Weruma Mohi Walker v The Queen
[2011] NZSC 16
•9 March 2011
| IN THE SUPREME COURT OF NEW ZEALAND |
| SC 121/2010 [2011] NZSC 16 |
| WERUMA MOHI WALKER |
| v |
| THE QUEEN |
| Court: Elias CJ, McGrath and William Young JJ |
| Counsel: C M Clews for Applicant |
| Judgment: 9 March 2011 |
JUDGMENT OF THE COURT
The application for leave to appeal is dismissed.
REASONS
The applicant seeks leave to appeal from a judgment of the Court of Appeal dismissing his appeal against a sentence of nine years imprisonment (with a six year minimum period) imposed on counts of aggravated robbery and kidnapping.[1]
[1] Walker v R [2010] NZCA 534.
We note that the applicant had been the leader of a group of four, the offending involved, inter alia, a home invasion and the severely traumatised 61 year old victim committed suicide three weeks later. The pleas of guilty were not entered until the day the trial was scheduled to start and followed the dismissal of the applicant’s challenge to the admissibility of the victim’s statement.

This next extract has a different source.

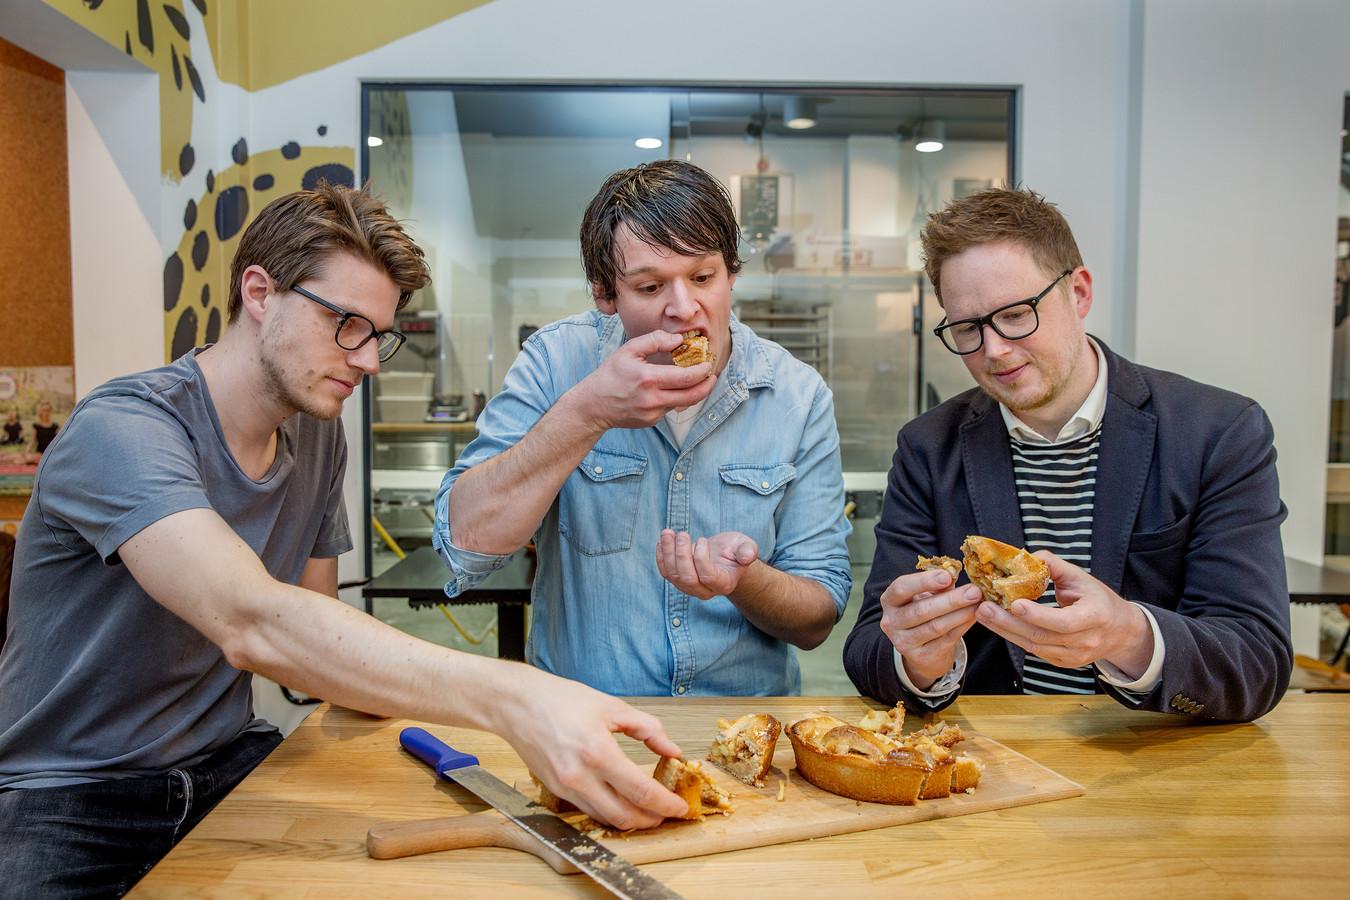 Het panel: Matthijs Boon (31) Bevlogen baktalent. Runt in Hilversum twee bakkerijen voor brood en banket. Rutger van den Broek (33) Bekroonde thuisbakker met eigen blog en zes bakboeken. Waldo Weijsenfeld (37) Drijvende kracht achter Waldo Chocola & Patisserie.
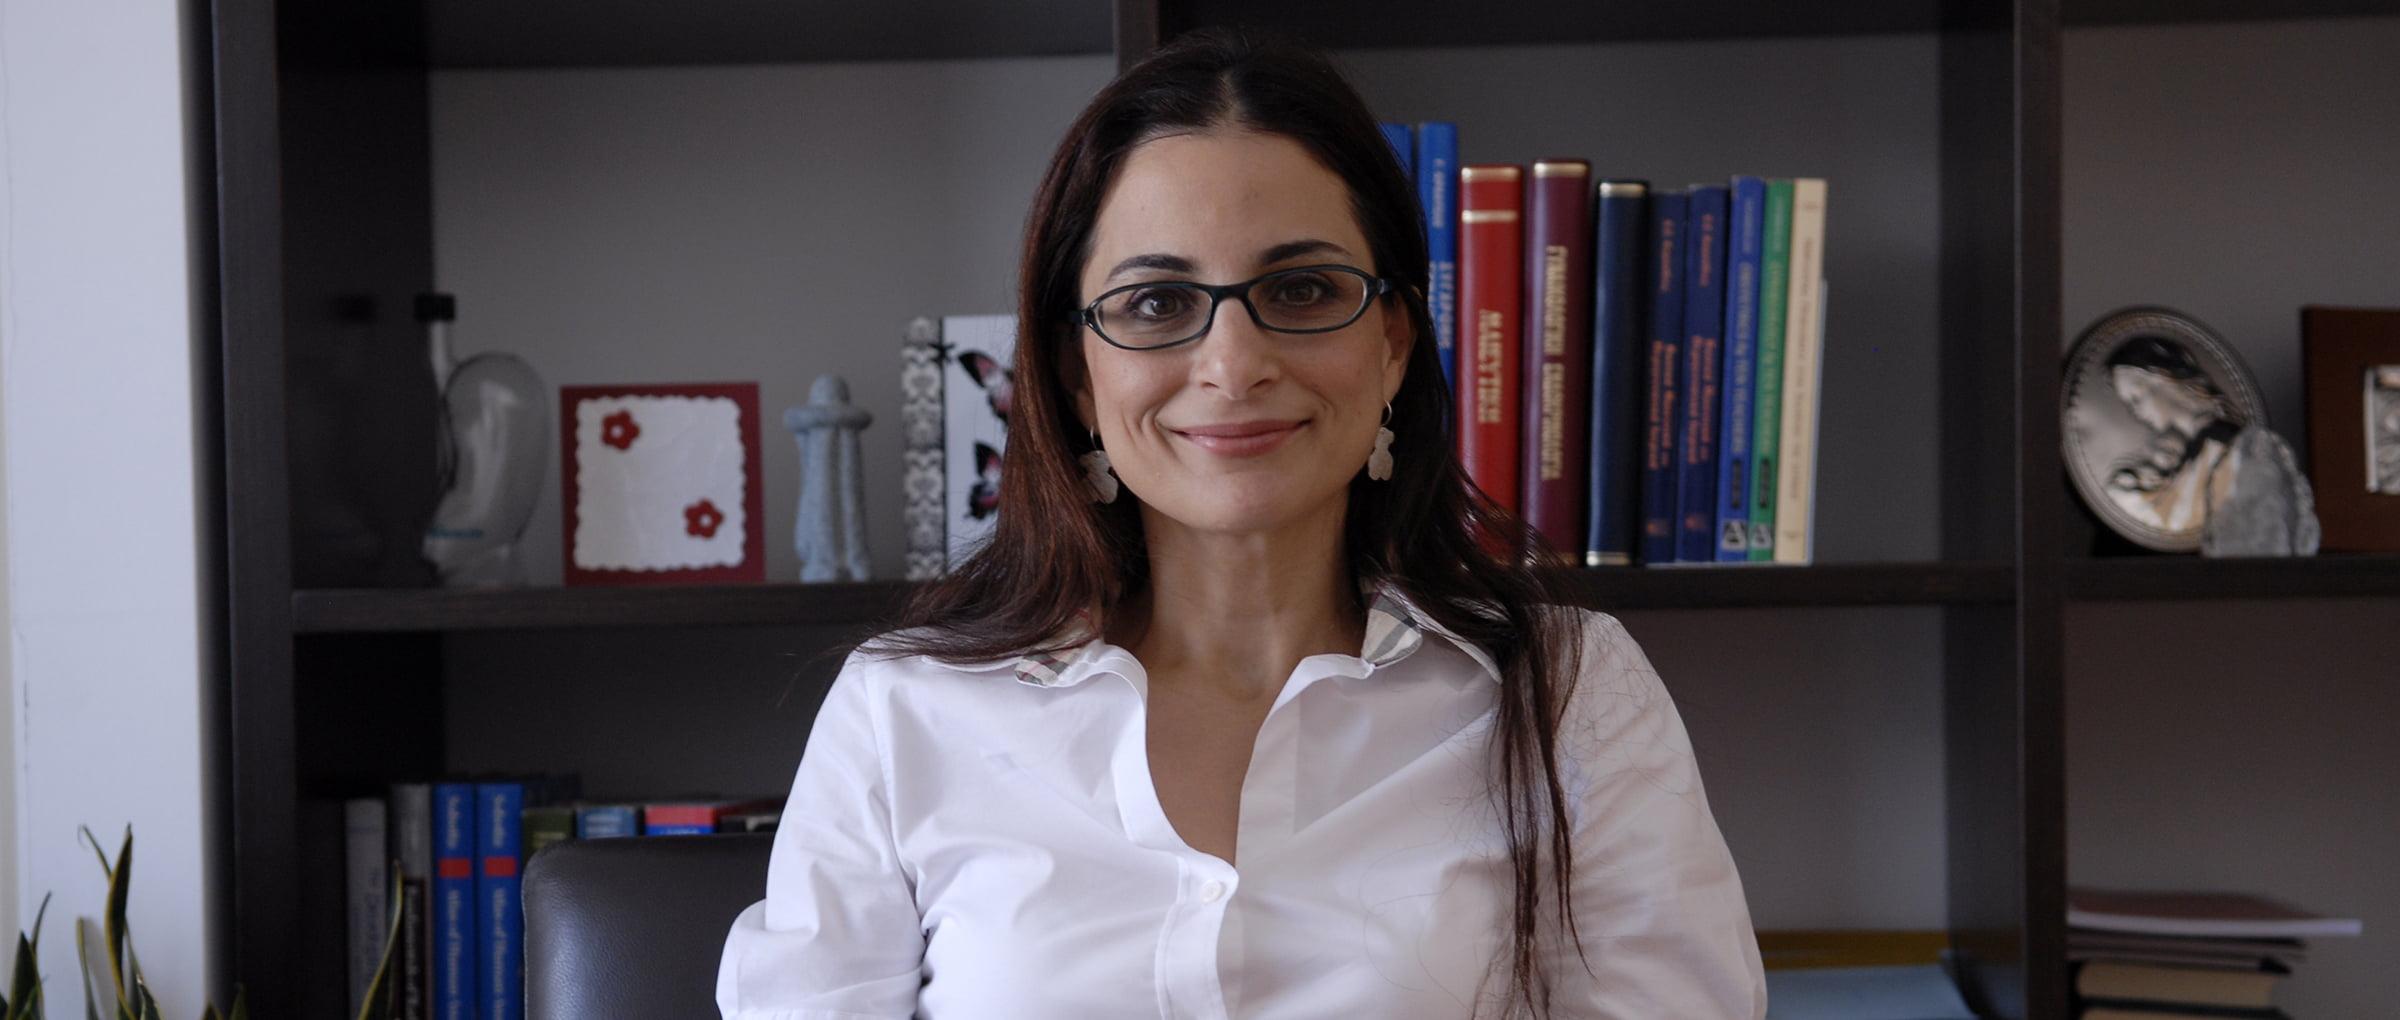 Dr Sofia Frakala

In sentencing the applicant, Judge Weir concluded that the offending warranted a starting point sentence of ten years. He added a year to reflect the applicant’s record and then allowed a discount of two years for the plea of guilty.[2] He explained this discount on the basis that there had been “some form of understanding between counsel that there should be a discount ... of approximately 20 per cent”.[3]
[2] R v Walker DC Rotorua CRI-2009-077-563, 26 March 2010 at [25].
[3] At [2].
The applicant’s primary complaint is that there was no separate allowance for remorse. Such remorse as was exhibited was at best strictured. The applicant apparently has no remorse over the offending but is sorry that the victim committed suicide.
The structure of the Judge’s sentencing remarks along with the starting point selected suggest that he did not treat the victim’s death as an aggravating feature. To put this another way, the applicant could have expected to receive the same sentence if the victim had not killed himself. In this the applicant was treated with considerable leniency. The nearly 20 per cent discount was also extremely generous giving the timing and circumstances of the pleas. There was no occasion for any separate allowance for remorse.
We are satisfied that the applicant’s situation was fully and accurately addressed by Judge Weir. The sentencing process and outcome were carefully reconsidered by the Court of Appeal. All in all, there is no appearance of a miscarriage of justice and the proposed appeal has no prospects of success.